Je ne me voilerais plus la face… il faut que je trouve le courage, la force pour franchir le pas, il en va de nos vies…de l’avenir de ma fille ! Je suis fatiguée…mon instinct maternel s’indigne chaque nuit, il me rappelle constamment que chaque jour de plus passé dans cet enfer, est un jour ou je risque de perdre Halla aussi.
Draa, le 15 mai 2014
Cher journal,
Ma décision est enfin prise. Je vais quitter mon pays, ma maison, mon quartier... Je me dois de commencer une nouvelle vie, débuter un nouveau périple de réfugiée, deux de plus qui s’ajouteront a la longue liste, et qui figureront dans leurs statistiques… Ils disent que nous sommes plus de 4 millions a errer d’une région à une autre, d’un pays à un autre, pour échapper à la mort et au massacre… Mais dans leur compte, ils oublient souvent, ou font semblant d’oublier les autres, ceux-là même qui fuient de ville en ville, de village en village, à l’intérieur de cet enfer qu’est la Syrie. Il y en a qui disent que nous sommes 7,5 millions, d’autres qui estiment qu’on est plus.
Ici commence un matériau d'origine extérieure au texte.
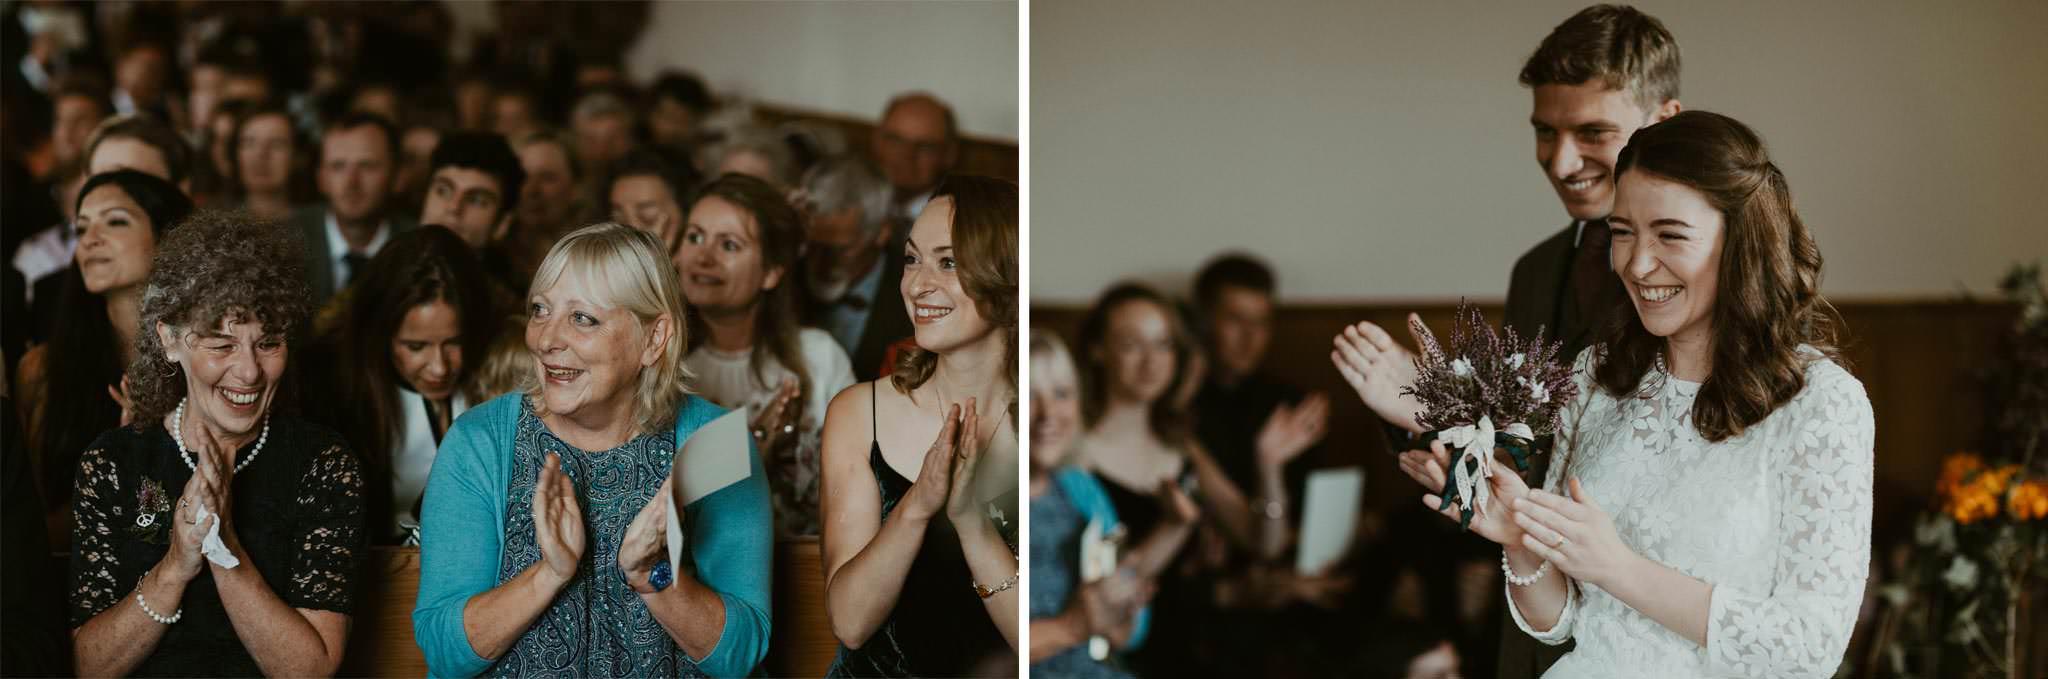 scotland-wedding-photographer-086

Mon exil je vais l’entreprendre pour Hala, mon cher enfant, je suis prête à tout pour lui donner un nouveau départ, un avenir, dans un pays où on ne fait pas la guerre, où on ne s’entretue pas.
Oui c’est difficile de m’extraire de cette terre, de cette maison, où j’ai connu des moments de bonheur intense avec Alae et Imad, fruits de mon union avec mon défunt mari… Je suis hantée par les images du passé depuis qu’ils sont partis, beaucoup de souvenirs remontent, je me souviens encore aujourd’hui du bonheur de Mustapha quand il a appris leur naissance… deux garçons magnifiques, pleins de vie et d’enthousiasme. Le pire, le plus insupportable, c’est quand j’y repense...
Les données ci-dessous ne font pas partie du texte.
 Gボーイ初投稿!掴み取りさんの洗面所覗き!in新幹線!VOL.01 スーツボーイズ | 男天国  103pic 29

La perte des trois compagnons de ma vie en même temps, comme ca, en une minute… enterrés à jamais sous les décombres après que notre maison ait été la cible d’un obus du régime… J’ai entendu l’habituel son strident, le court silence, et le gros BOUM. Des jours se sont passés avant que je ne commence à saisir et assimiler les événements. Je n’ai même pas pu jeter un dernier regard sur mes biens aimés...Hala ne comprend toujours pas. Je me sens lâche de ne pas trouver la force de lui expliquer les choses comme elles sont…
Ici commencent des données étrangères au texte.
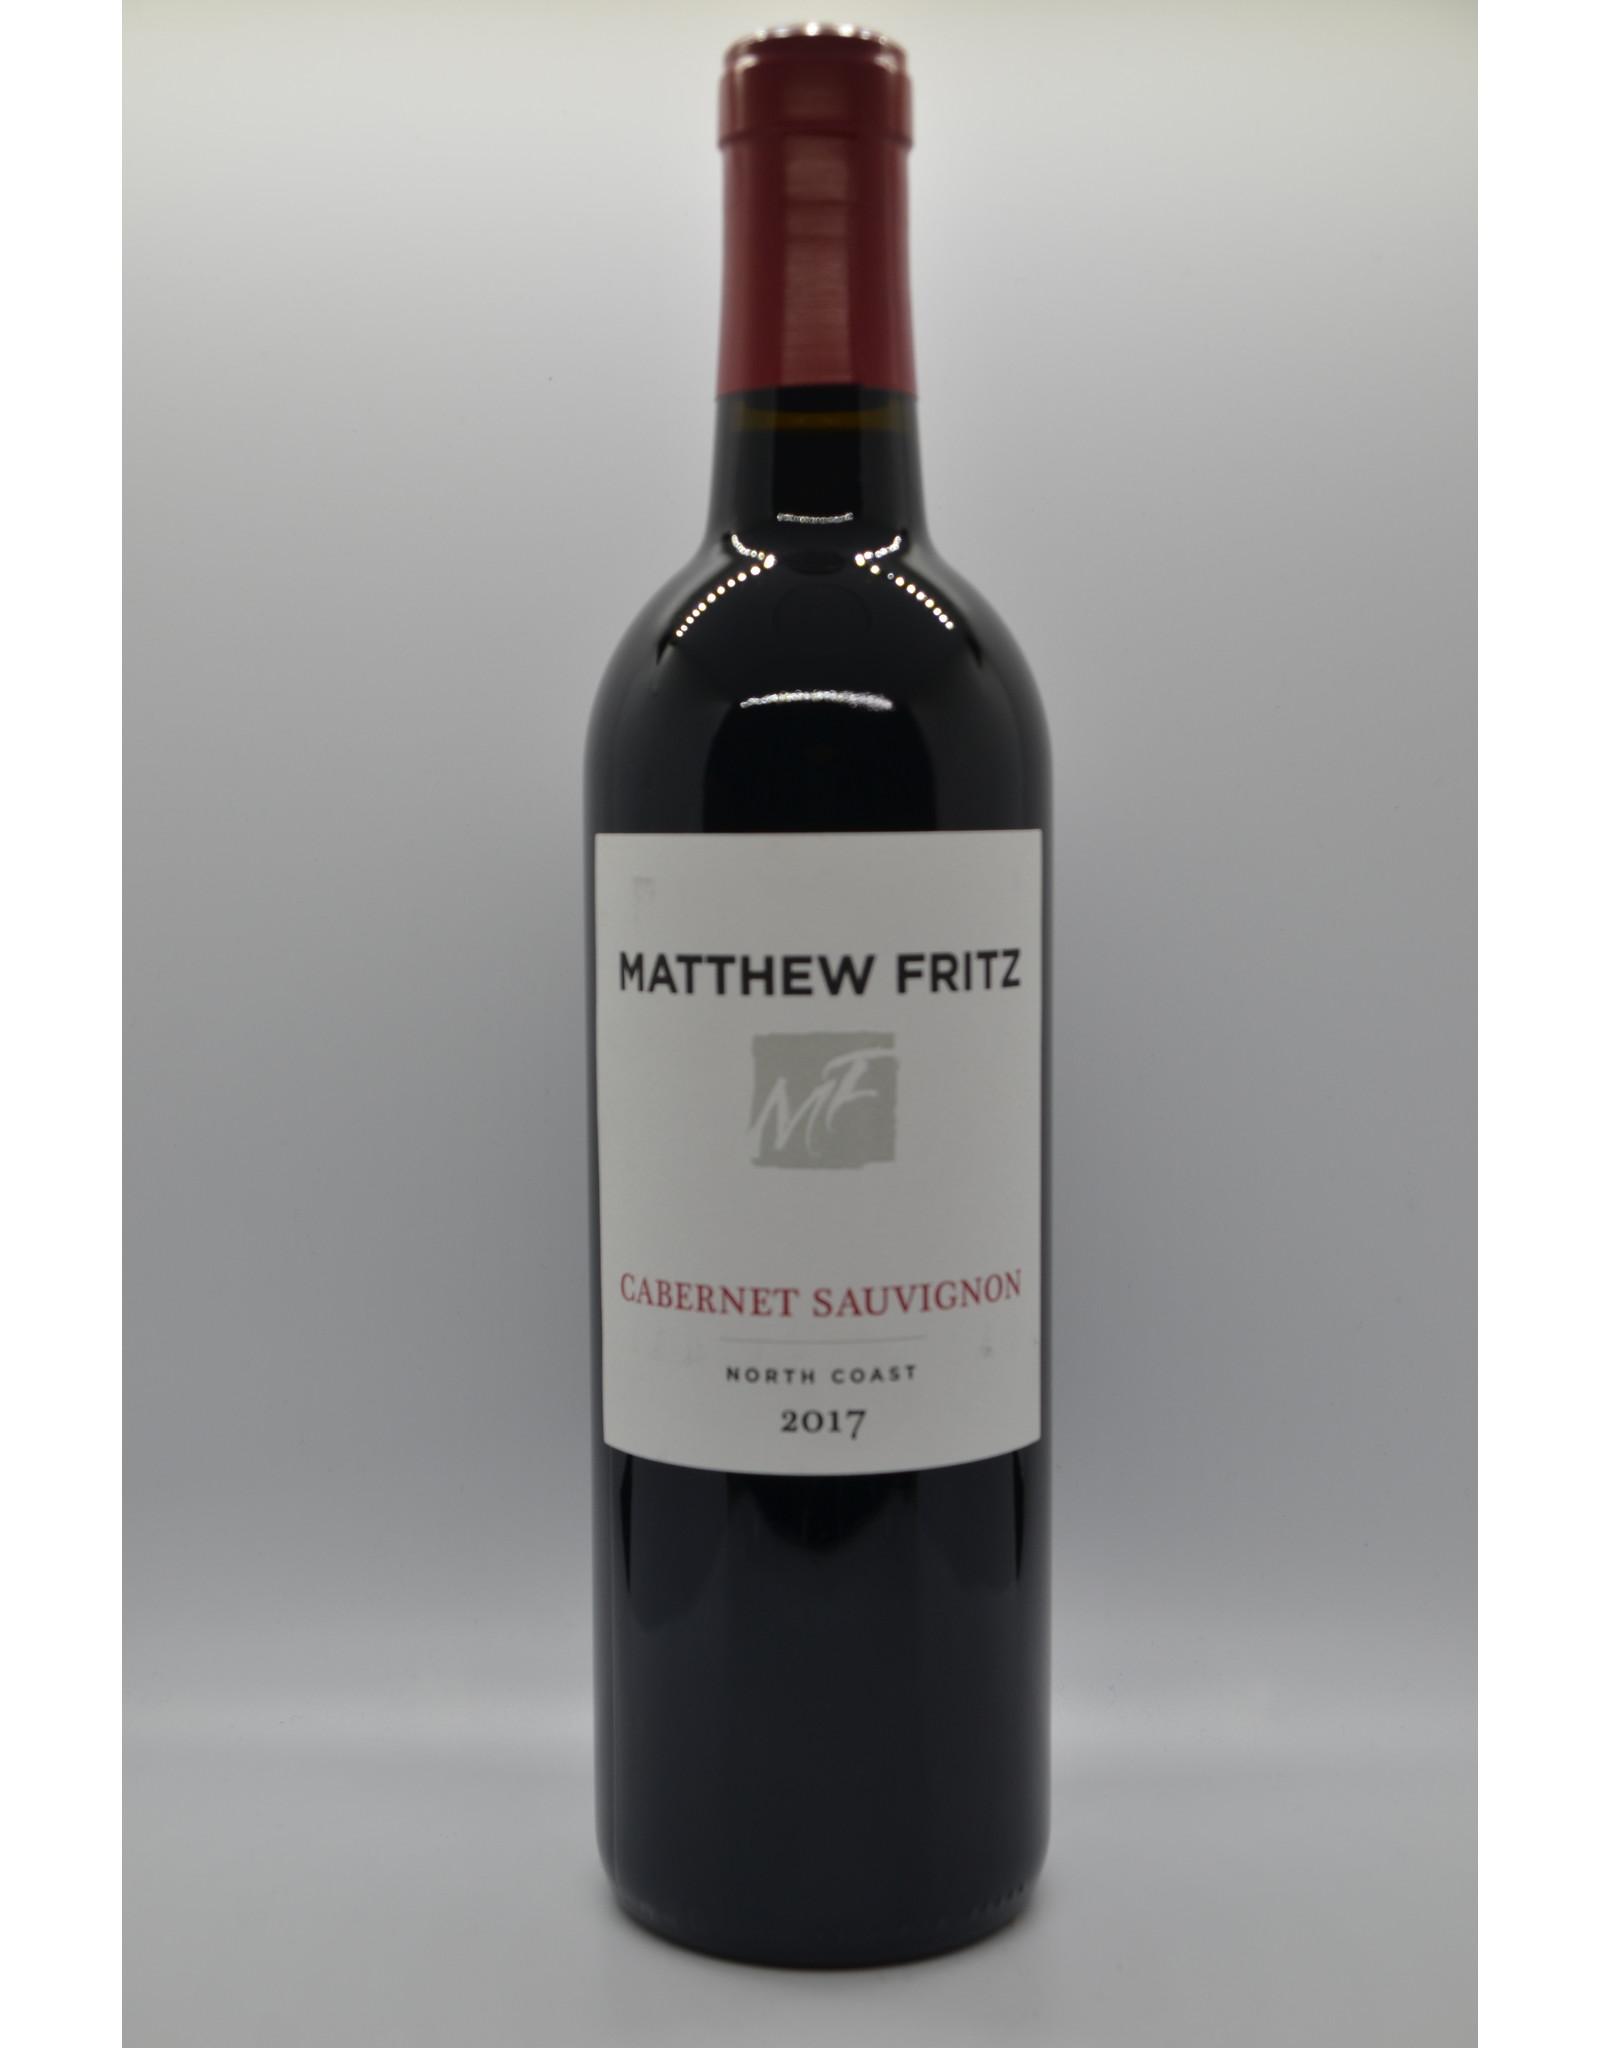 USA Matthew Fritz Cabernet Sauvignon

Notre quartier, « Cheikh Meskin », qui abrite la moitié de la population de Draa, a subi les pires représailles de la part du régime. Croyant que des rebelles étaient cachés parmi nous, nous avons eu droit durant sept jours et nuits à une multitude de bombardements, au déversement de gaz toxiques, et à des explosions de barils à clous…Même pas moyen d’aller chercher un semblant de nourriture et d’eau. Cette semaine le régime n’a eu aucun répit, on dirait qu’il a mis le paquet double pour en finir avec nous le plus rapidement possible...J’ai hâte de quitter cet enfer !
Je n’ai pas oublié d’emporter quelques papiers et l’acte de résidence de notre maison. Qui sait de quoi demain sera fait ? Peut être qu’un jour nous pourront revenir pour un nouveau départ ?
J’attends toujours un signe du passeur qui va nous déposer à la frontière Jordanienne. Environ à une dizaine de kilomètres d’ici.
Il a beaucoup de demandes et il faut attendre longtemps, les gens ont peur de traverser seuls les zones de guerre, lui, il connait les chemins les plus sécurisés mais en plus de l’attente, ce n’est pas donné.